Attorneys with the Heartland Center for Jobs and Freedom and Legal Aid of Western Missouri are in the courthouse every Thursday, which is when most eviction cases are handled.

Candace Ladd with the Heartland Center for Jobs and Freedom often spends Thursday afternoon at the Jackson County Courthouse providing legal advice to tenants facing an eviction hearing. (Celisa Calacal/The Beacon)

They try to connect with tenants awaiting eviction proceedings and offer legal advice and possibly representation. 

Bonacorsi said he and another attorney at the Heartland Center, John Michael Pipes, each fully represent about 150 tenants a year. 

But with more than 6,000 evictions filed in Jackson County since March 2020 — fewer than what the court normally sees because of the pandemic — most tenants are on their own. 

“Without universal representation, we can’t represent everyone we want,” Bonacorsi said. 

The pandemic pushed the University of Missouri-Kansas City’s School of Law to create a “tenant representation initiative” last November. The United Way of Greater Kansas City refers tenants who are facing eviction to work with recent law school graduates and students.

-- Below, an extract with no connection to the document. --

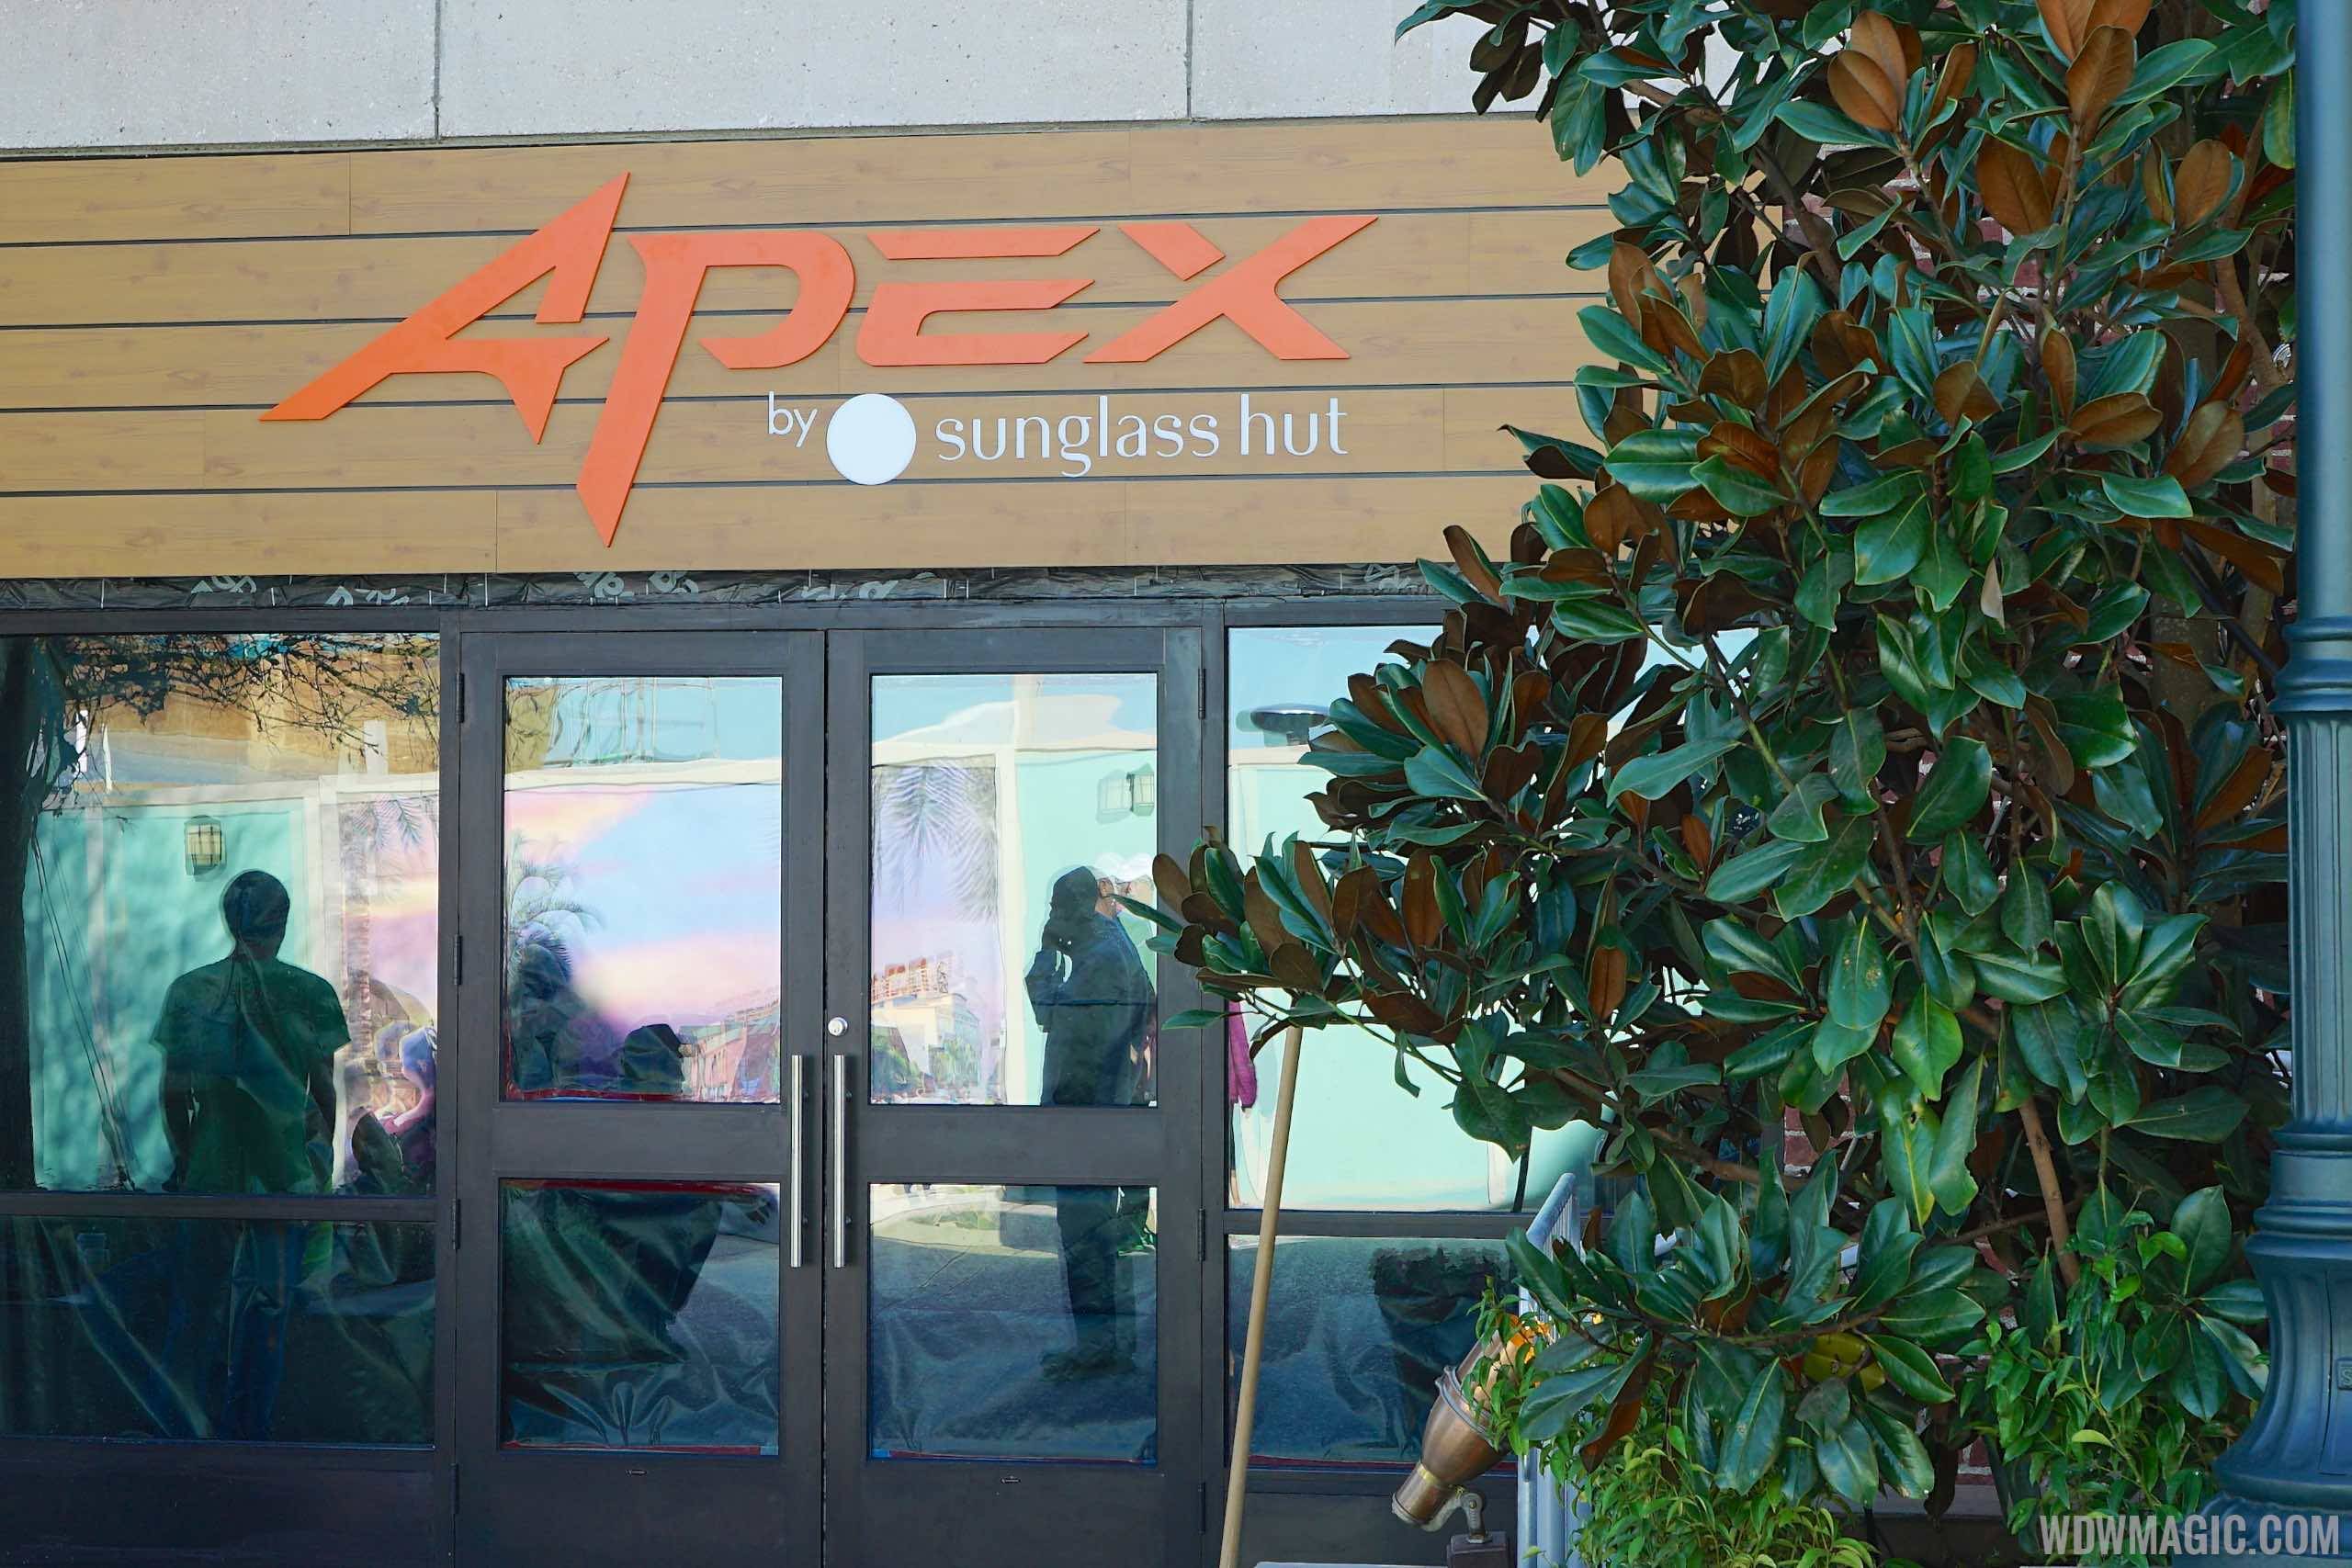 PHOTOS - APEX by Sunglass Hut signage goes up in The Landing at Disney Springs

Jeffrey Thomas, associate dean for strategic initiatives and graduate programs at UMKC and a law professor, said the initiative has represented about 450 tenants since launching. A team of four lawyers and three law students work on the cases. Nearly all the cases have been resolved by settlement with landlords, allowing tenants to avoid an eviction, Thomas said.

“There’s a very organized way that the matters are handled, and it’s not intuitive or obvious to the layperson what that is, but a lawyer can step in and understand it quite readily, quite quickly, and help to resolve the matter,” he said. 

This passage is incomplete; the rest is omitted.